Data shown ::
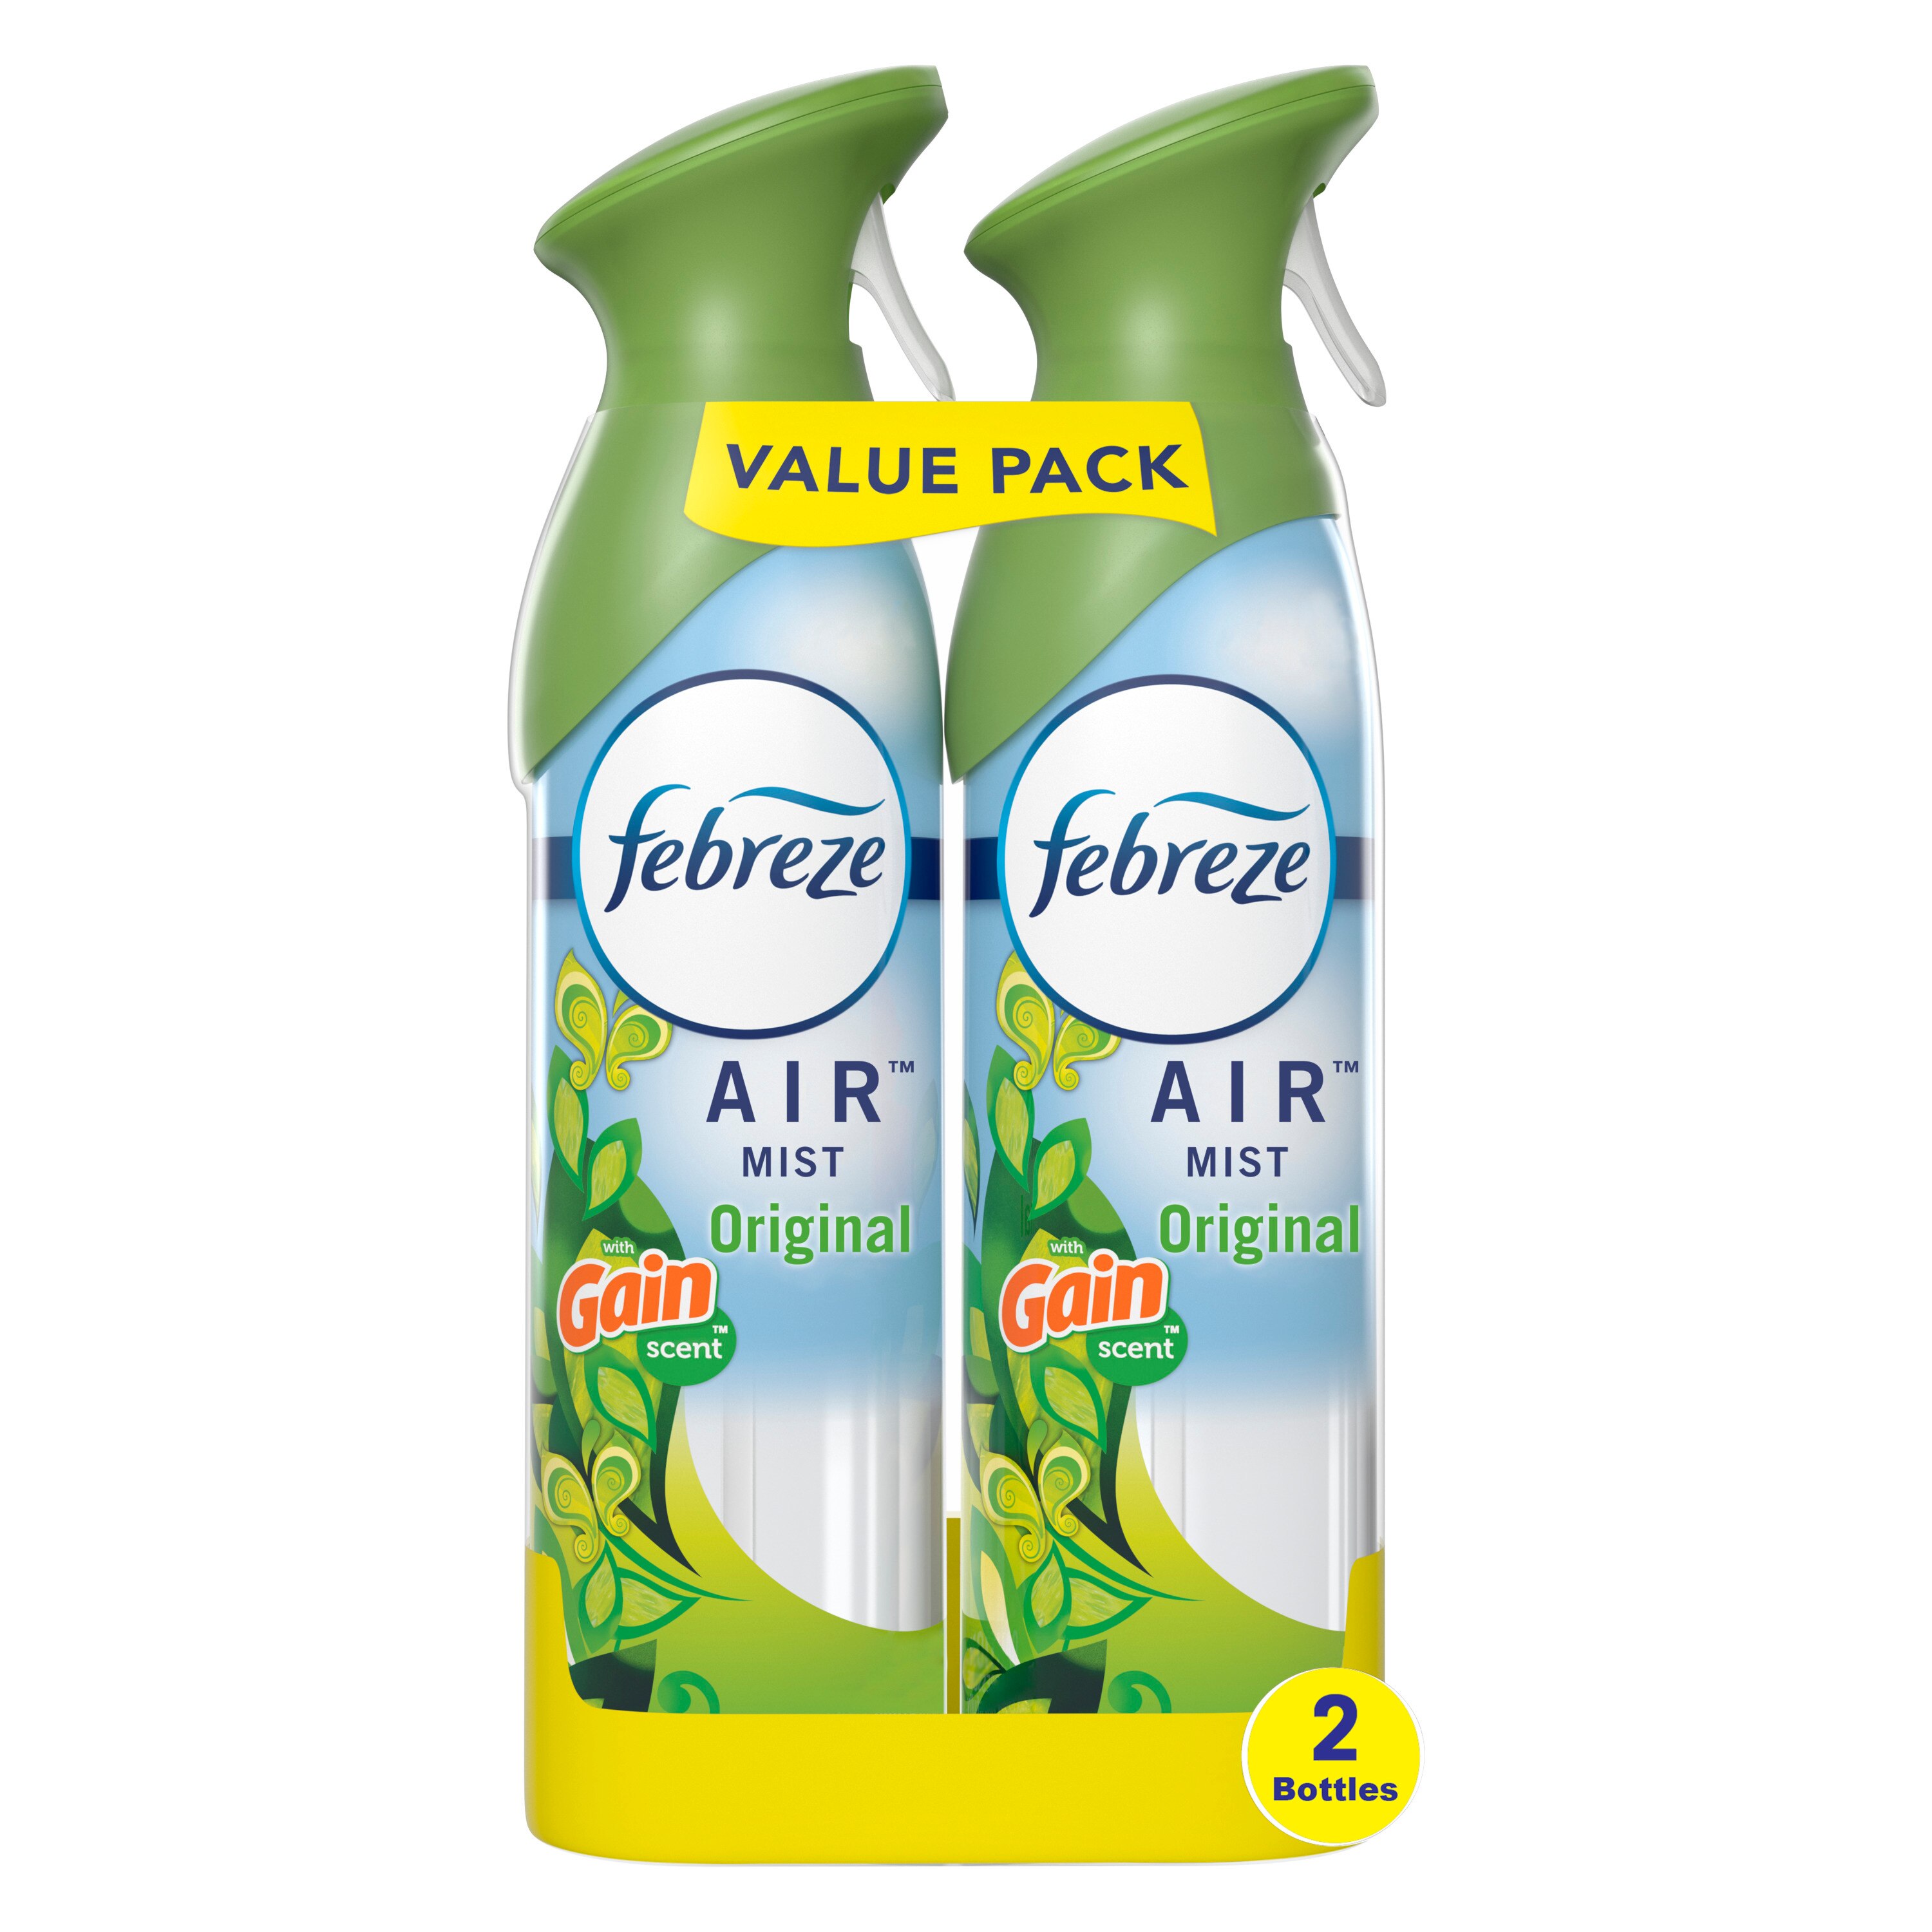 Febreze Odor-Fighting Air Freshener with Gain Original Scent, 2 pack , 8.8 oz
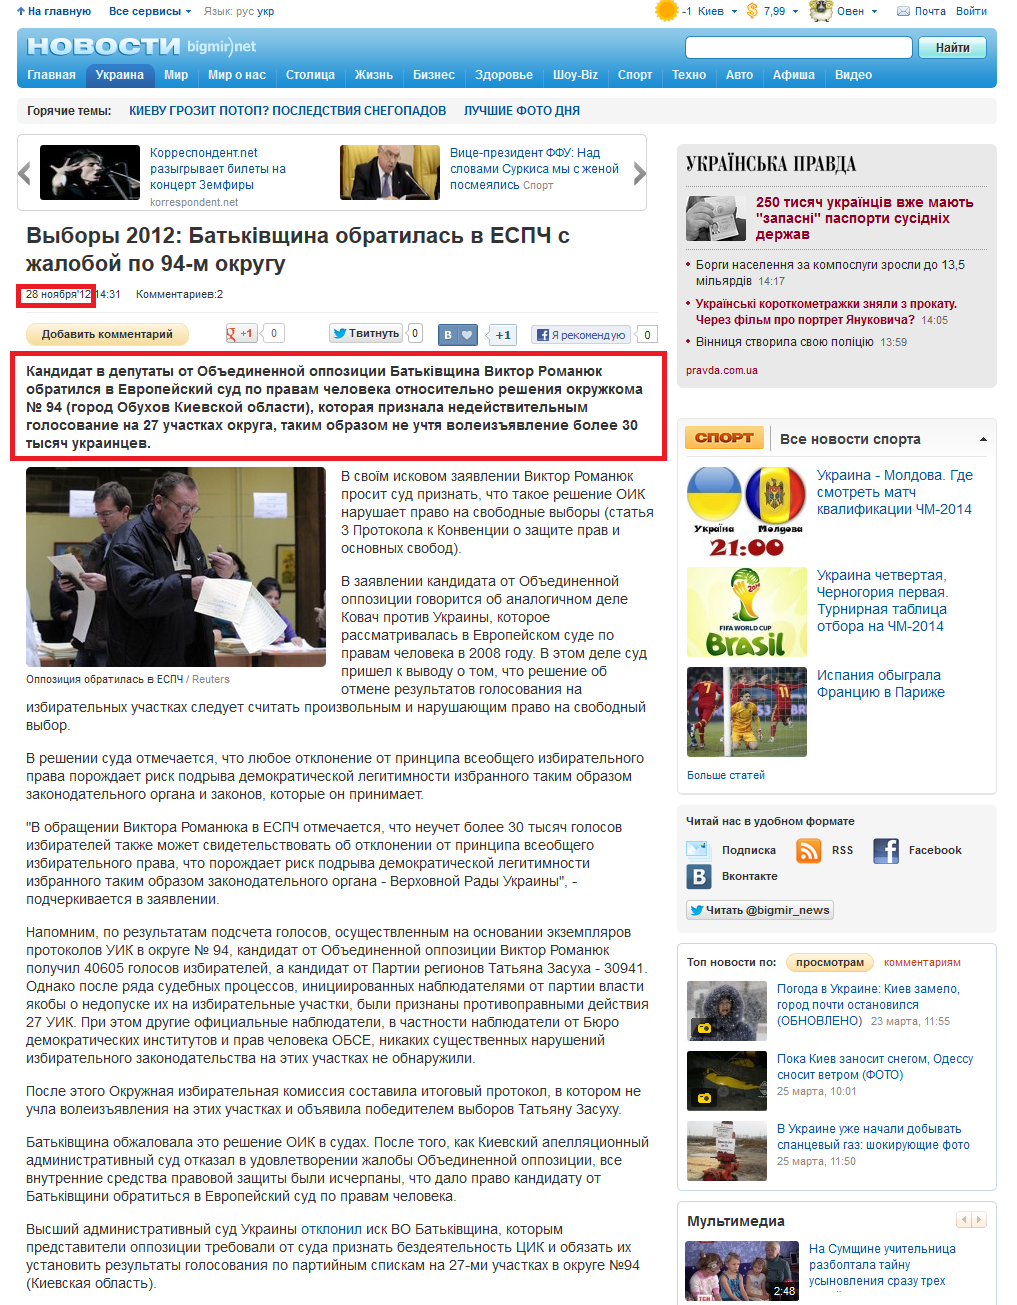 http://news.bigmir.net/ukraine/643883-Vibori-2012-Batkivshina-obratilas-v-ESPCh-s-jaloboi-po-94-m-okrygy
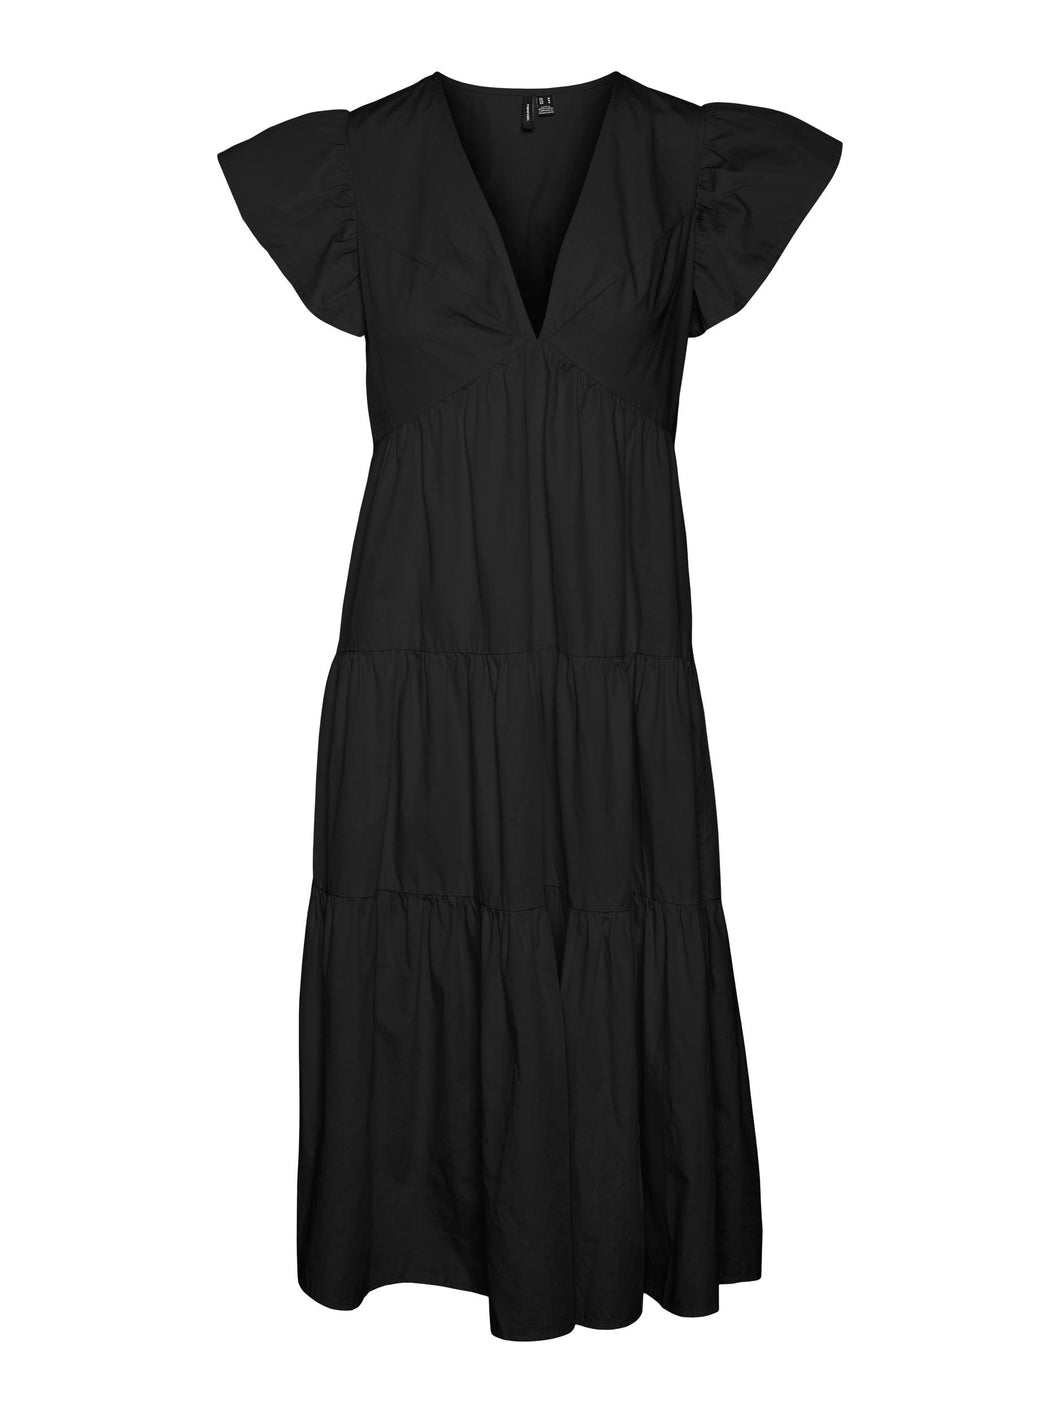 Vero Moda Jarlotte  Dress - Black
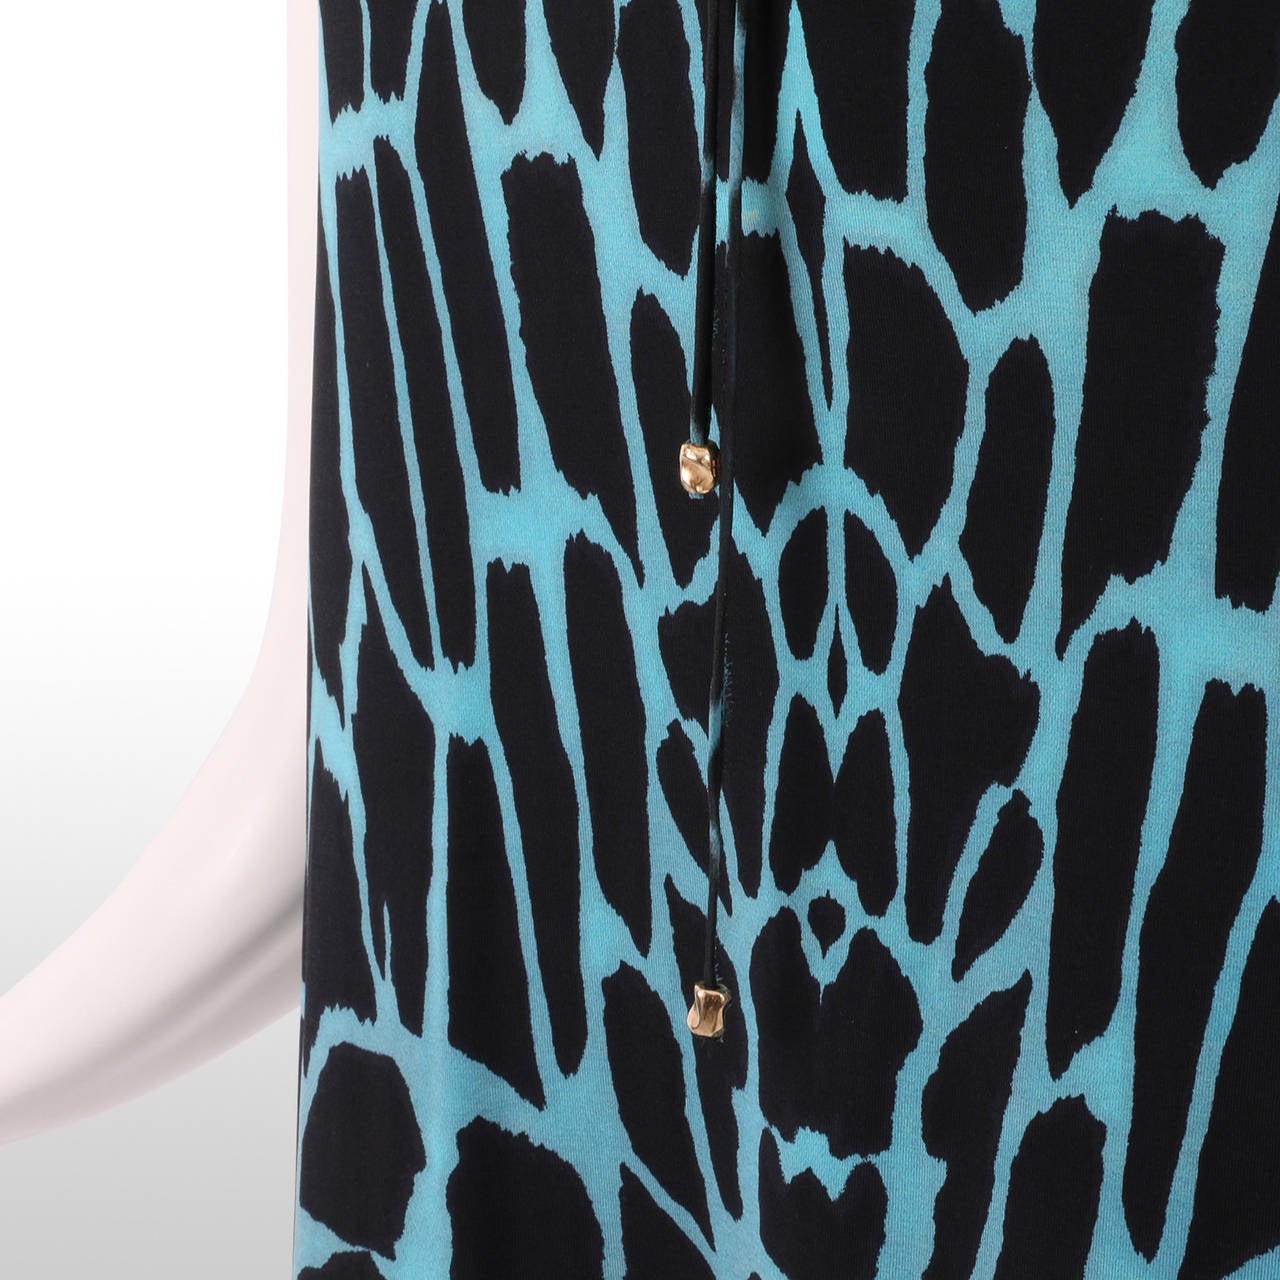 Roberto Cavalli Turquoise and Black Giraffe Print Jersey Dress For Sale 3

What you are asked to do ::
Please set down the whole listing exactly, apart from the pictures.

Task result ::
 Febreze Odor-Fighting Air Freshener with Gain Original Scent, 2 pack , 8.8 oz
 http://news.bigmir.net/ukraine/643883-Vibori-2012-Batkivshina-obratilas-v-ESPCh-s-jaloboi-po-94-m-okrygy
 Vero Moda Jarlotte  Dress - Black
 Roberto Cavalli Turquoise and Black Giraffe Print Jersey Dress For Sale 3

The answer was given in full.